В бригаде, между тем, с той памятной ночной охоты все пошло набекрень. Коваль ходил на работу отуманенный и сонный, его кривые ноги сгибались под тяжестью мешков, он часто пропускал очередь к вагонам, а пару раз даже свалился с мостков на рельсы. Китаец Ван однажды во время перекура в сторожке намекнул, что надо бы «одну лошадь в упряжке сменить», но семерка урок пригвоздила его возмущенными взглядами. Однако мы заметили, что и они смолкают и презрительно усмехаются каждый раз, когда Коваль подходит к ним покурить. Так и пошло: он держался в стороне, ел один, из отдельного котелка, а после ужина натягивал мои офицерские сапоги, надевал праздничную украинскую рубашку и ложился с цигаркой на нары, вслушиваясь, не донесется ли с дороги к кухне бульканье воды, плещущейся в последней дневной бочке.

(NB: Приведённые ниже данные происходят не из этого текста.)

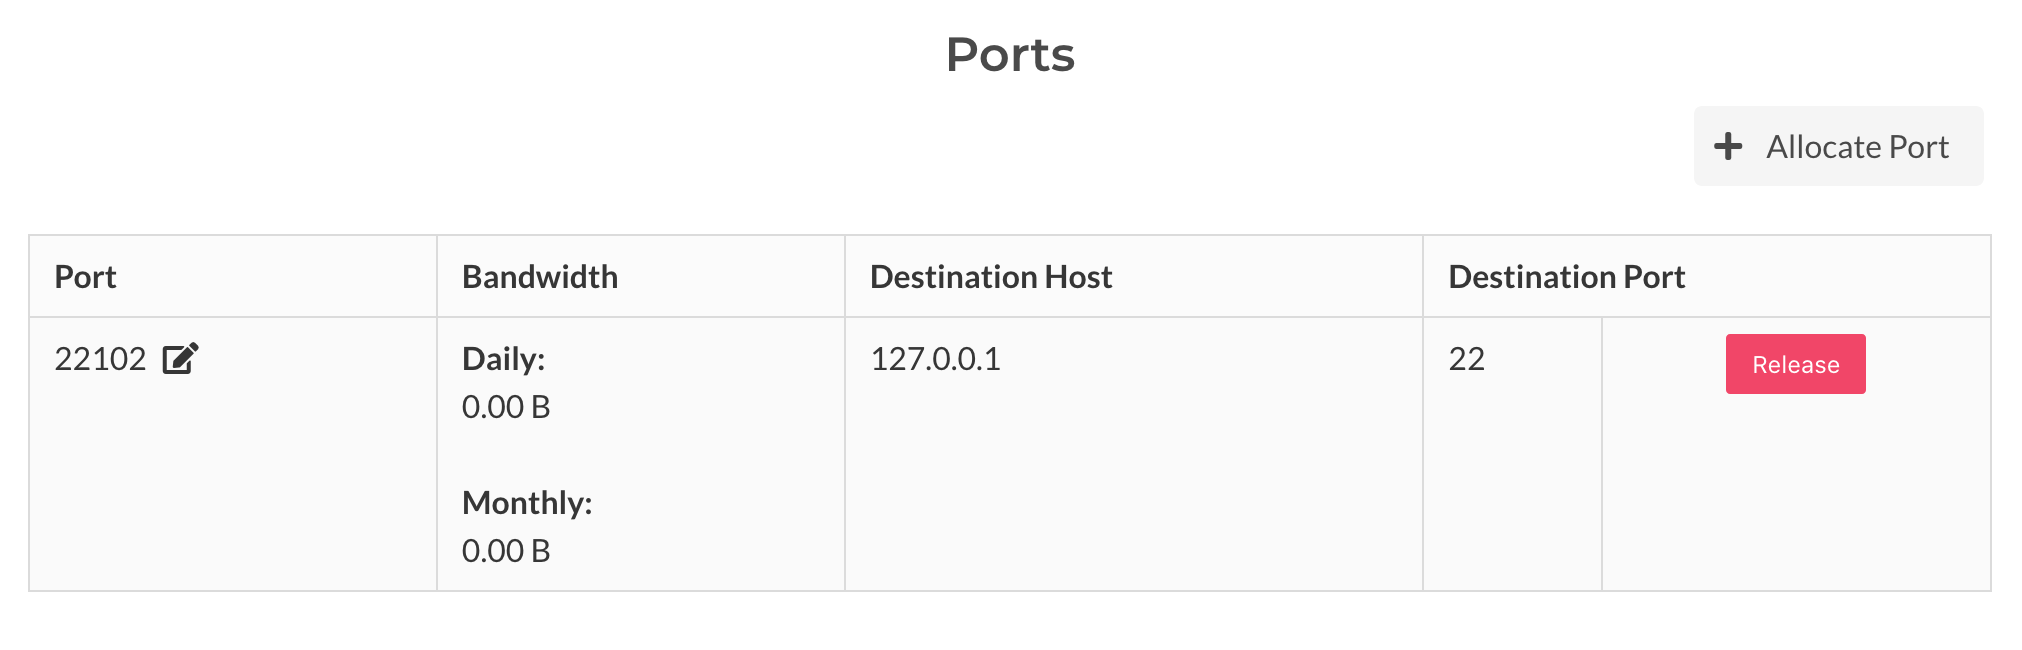 Release Port

Однажды вечером, когда Маруся, никогда ни с кем в нашем бараке не разговаривавшая, сидела, как обычно, возле Коваля, обняв его за пояс, один из урок легонько толкнул ее в спину и что-то ей сказал. Девушка медленно расцепила переплетенные ладони, повернулась и прошила его ненавидящим взором; потом вдруг рванулась всем телом вперед и, сверкнув глазами, как смертельно раненый зверь, — плюнула ему прямо в лицо. Ослепленный урка отшатнулся, вытер рукавом лицо и растопырив два пальца правой руки, развернулся к удару. В этот момент Коваль кинулся на него с нар как ястреб. Они схватились, а когда их растащили, на Коваля исподлобья глядели семь враждебных пар глаз. Он повернулся к забившейся в угол Марусе, одернул на себе порванную рубаху и голосом, от которого по коже шли мурашки, процедил сквозь сжатые зубы: «Ложись, сука, и раздевайся, а то удушу». И после этого к товарищам: «Берите, братцы».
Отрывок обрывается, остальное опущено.